*Given data*:
____________________
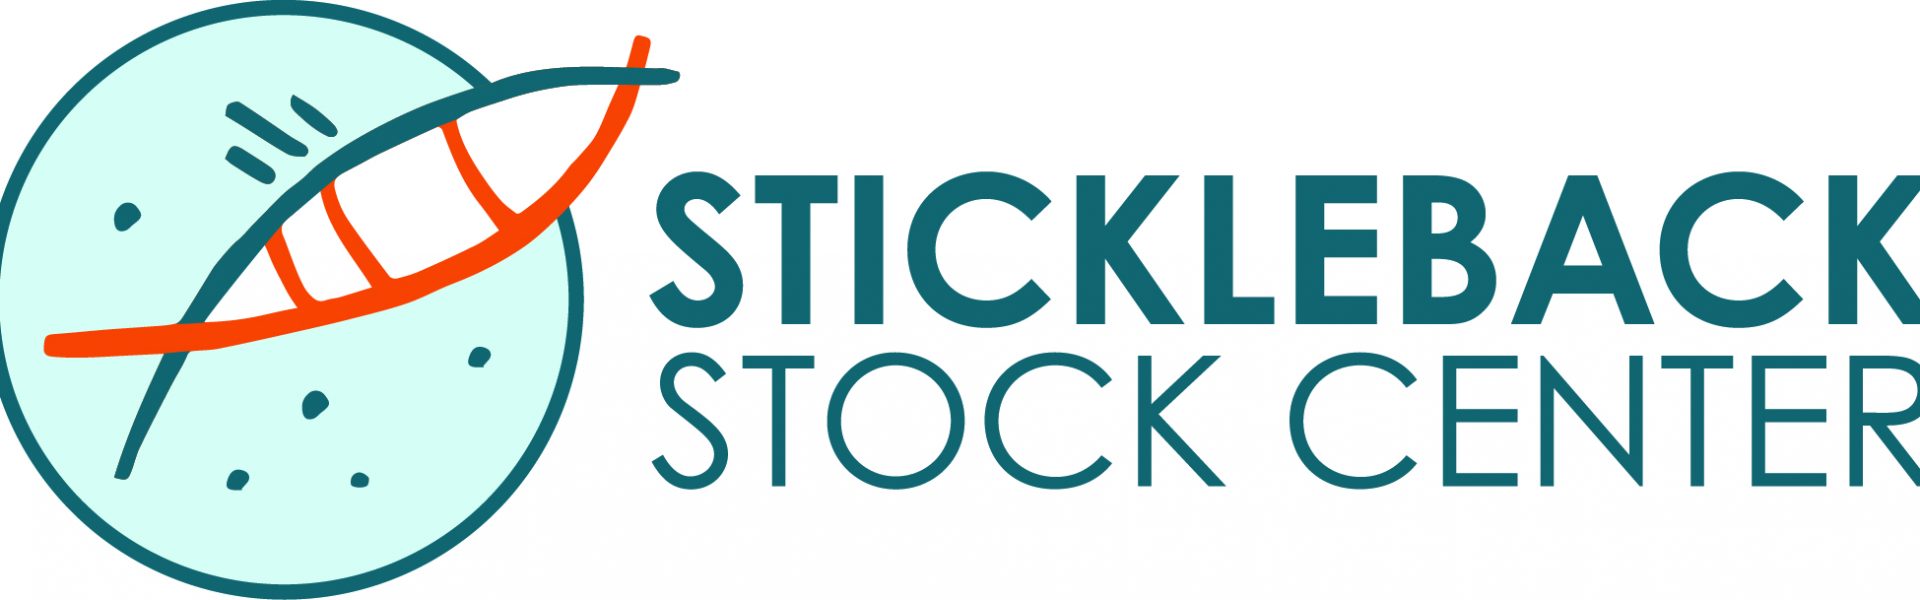 Stickleback Stock Center Logo and Link to the website
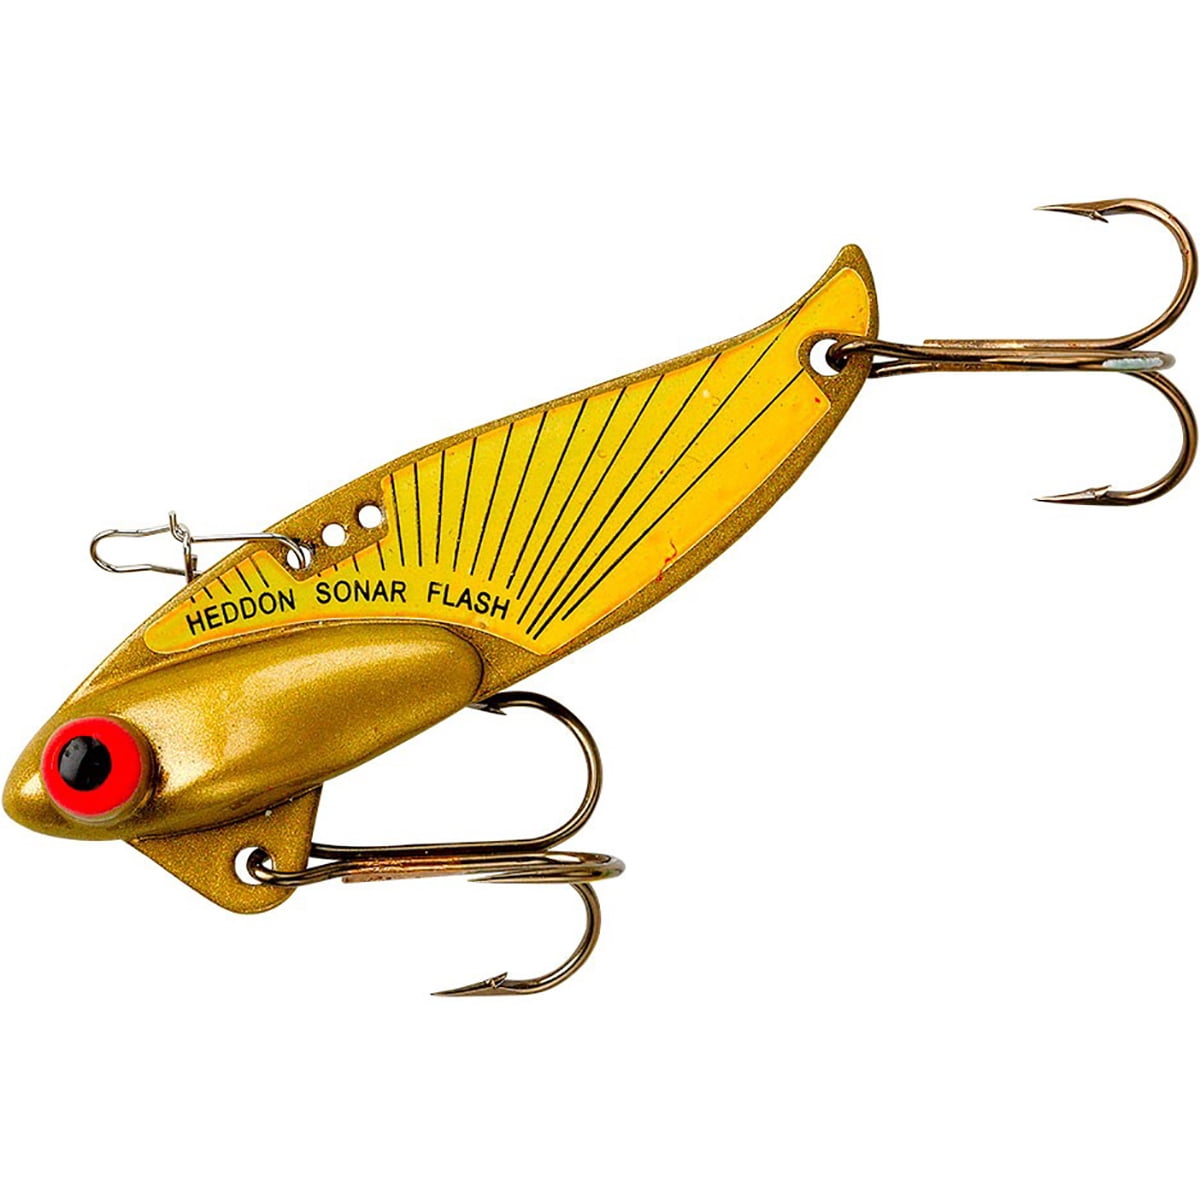 Heddon Sonar Flash 1/2 oz. Fishing Lure - Gold
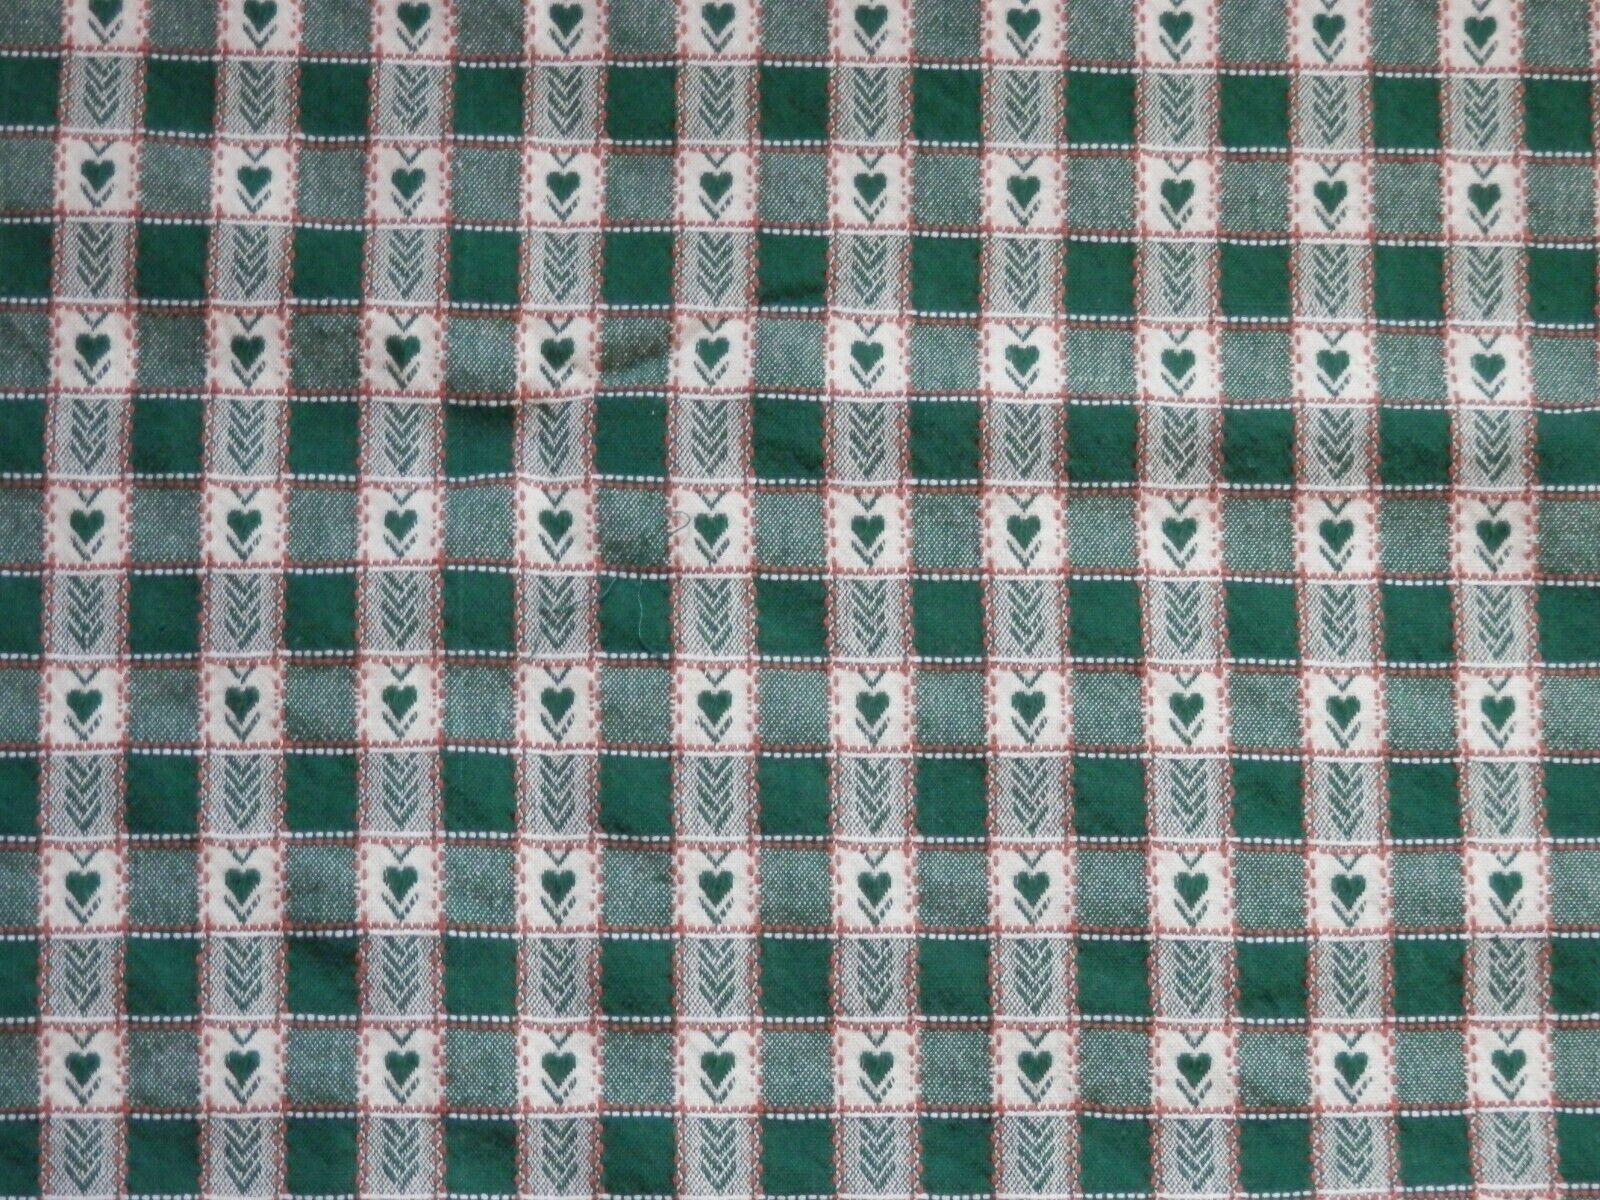 Country Hearts Tablecloth Green Cream 100% Cotton x 58 camping 2022秋冬新作 picnic 超人気 専門店 inch 78
____________________
*Assignment*: Give back the whole listing as it stands, minus its pictures.

*Answer box*:
 Stickleback Stock Center Logo and Link to the website
 Heddon Sonar Flash 1/2 oz. Fishing Lure - Gold
 Country Hearts Tablecloth Green Cream 100% Cotton x 58 camping 2022秋冬新作 picnic 超人気 専門店 inch 78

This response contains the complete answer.